Site Reliability Engineering (SRE) Role
This position involves creating and maintaining scalable and highly reliable software systems. The role requires a combination of software engineering principles and infrastructure management expertise.
Main Responsibilities:
* Design and implement monitoring tools to ensure continuous system reliability and performance.
* Respond promptly to emergency situations impacting system reliability, perform root cause analysis, and implement corrective actions.
* Streamline change management processes to enhance system performance and reliability.
* Collaborate with development teams to identify and resolve system-related issues and automate routine tasks.
* Ensure the scalability and reliability of systems, meeting high performance and efficiency standards.
Key Skills and Qualifications:
* Proficiency in monitoring tools like Azure Monitoring, App Insights, Prometheus, Grafana.
* Experience with Infrastructure as Code (Terraform, ARM/Bicep, Pulumi, etc.) and release management tooling (ArgoCD, Harness, Octopus, etc.).

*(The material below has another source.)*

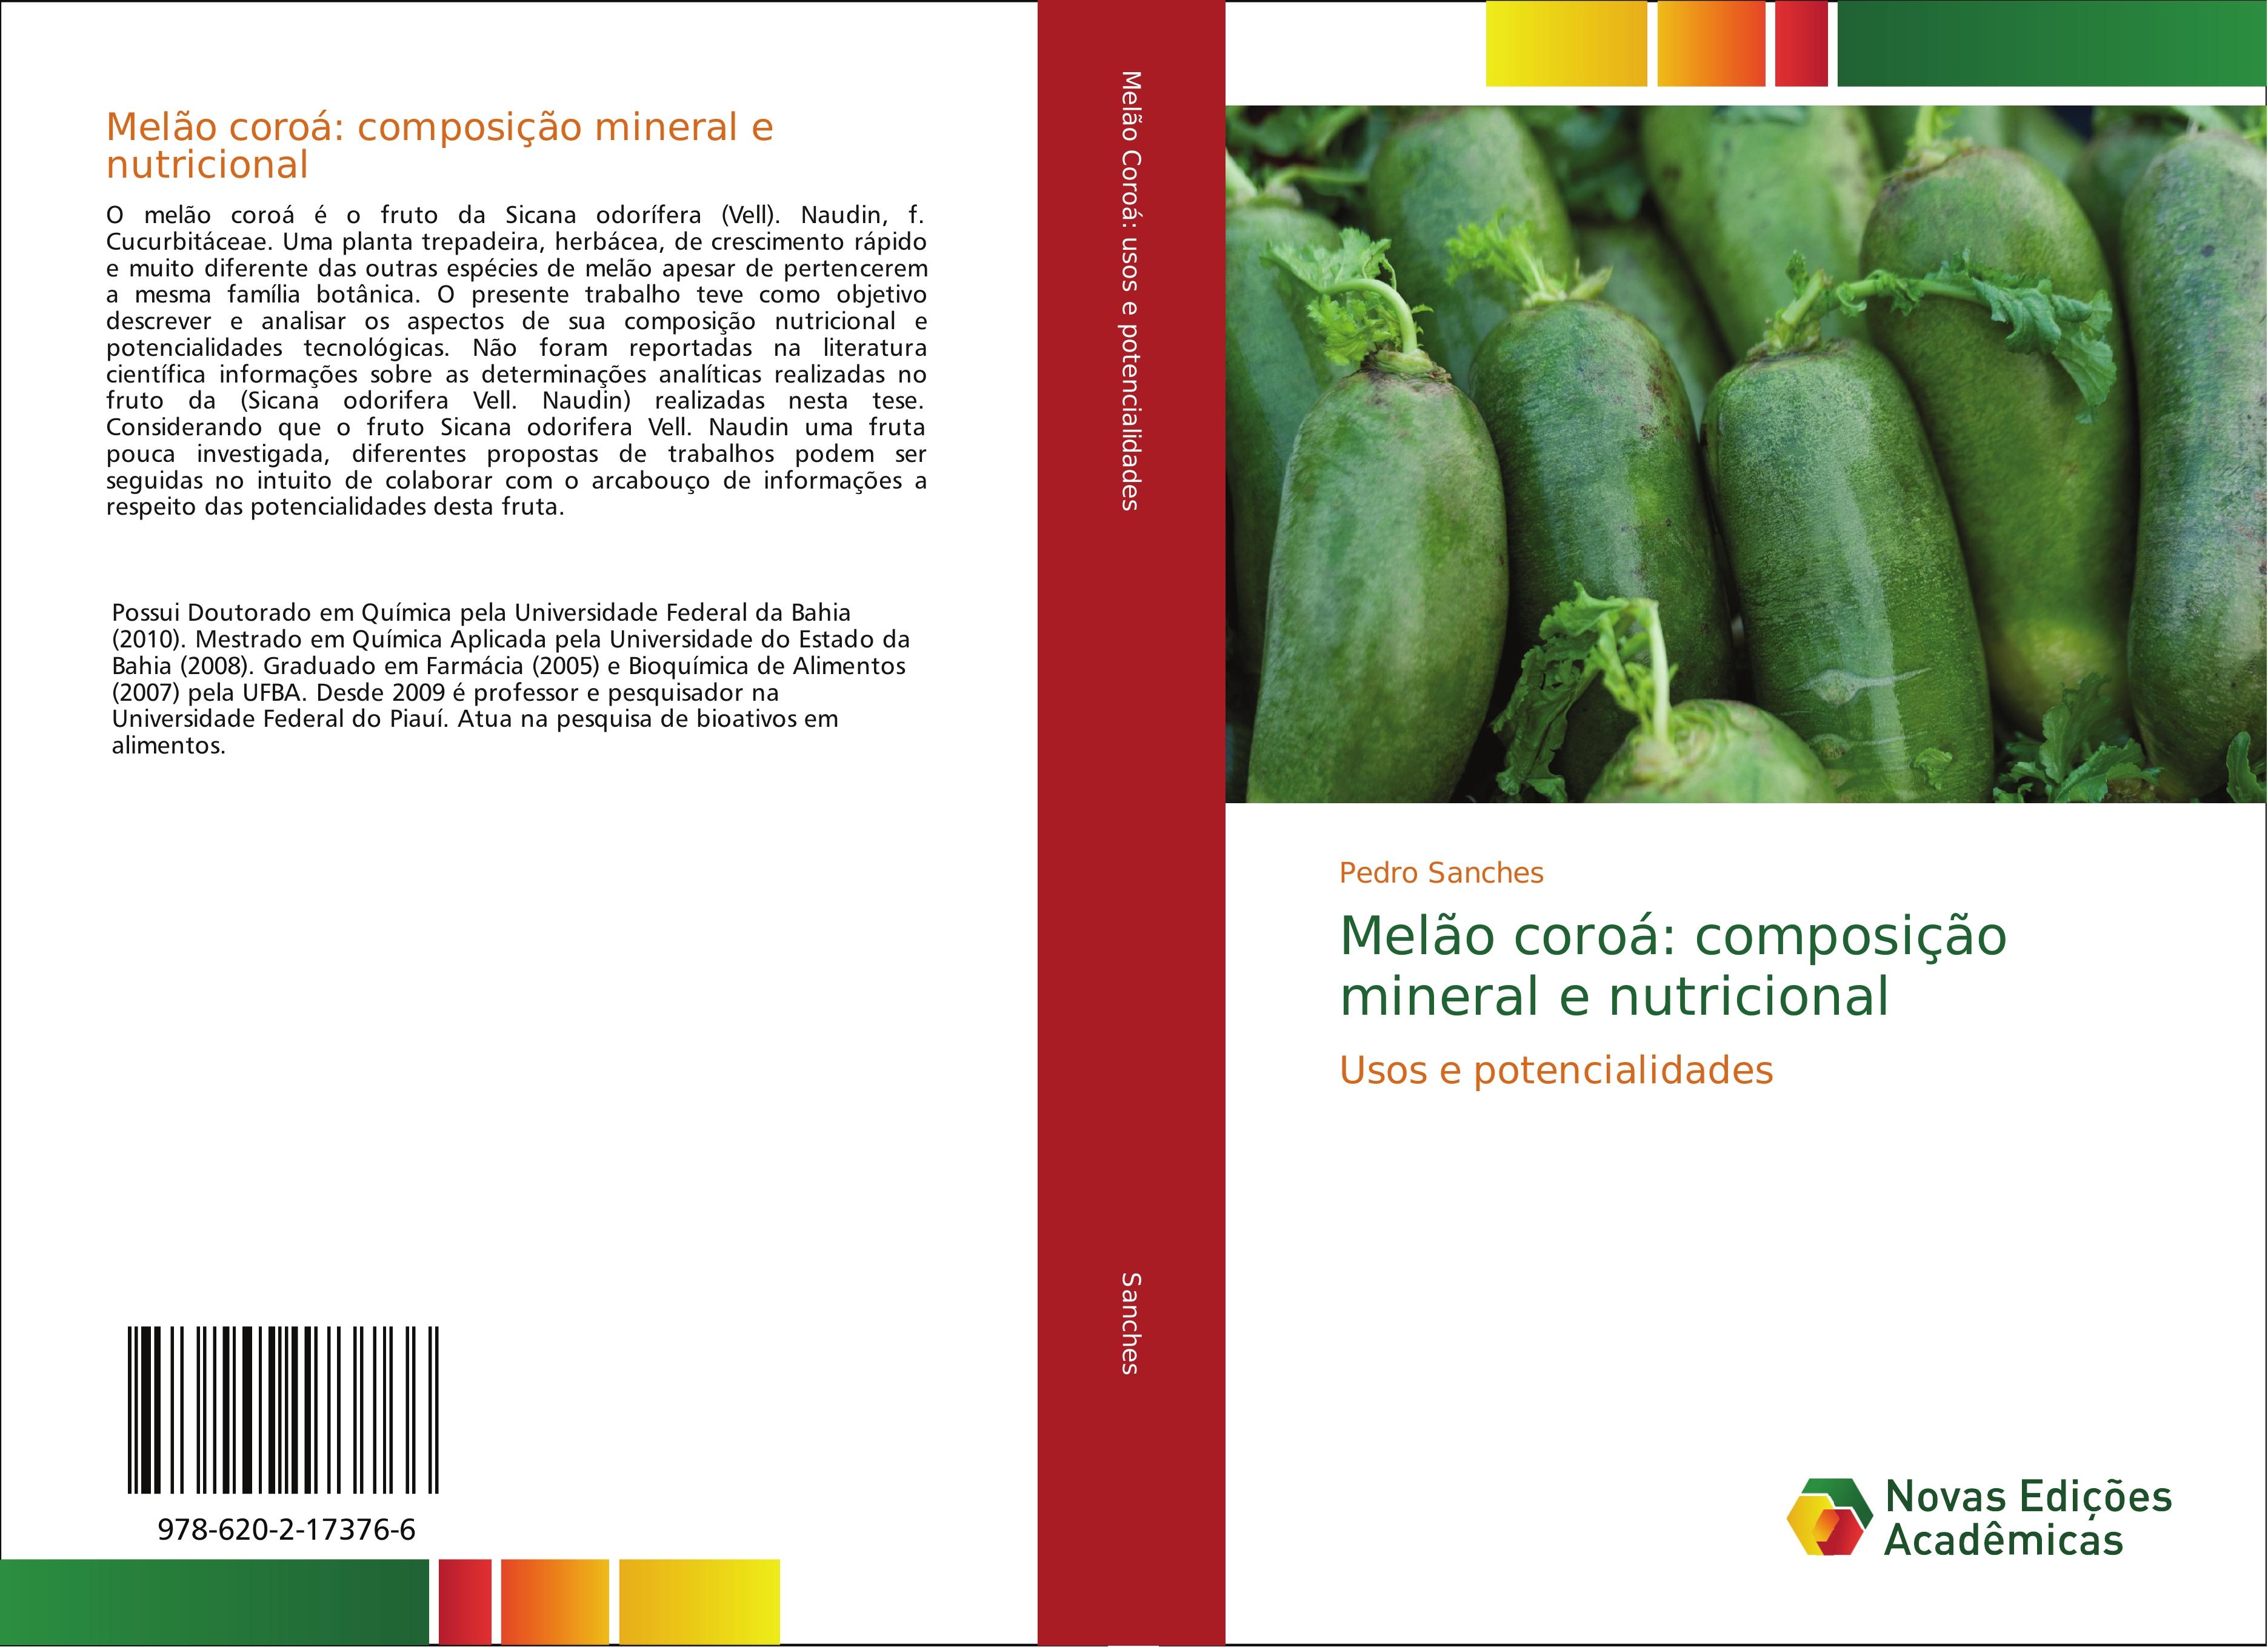 Melão coroá: composição mineral e nutricional - Pedro Sanches

* Knowledge of incident alert tools (PageDuty, Opsgenie) and container orchestration tools like Kubernetes, AKS.
About the Job:
The ideal candidate will have a strong background in SRE principles, experience with DevOps practices, and excellent problem-solving skills.
Requirements:
* Strong understanding of SRE principles and best practices.
* Experience with cloud platforms (AWS, Azure, Google Cloud).
* Proficiency in programming languages like Python, Java, or C++.
* Familiarity with agile methodologies and version control systems like Git.
Benefits:
This is an exciting opportunity to work on challenging projects, collaborate with talented professionals, and grow your career in the field of Site Reliability Engineering.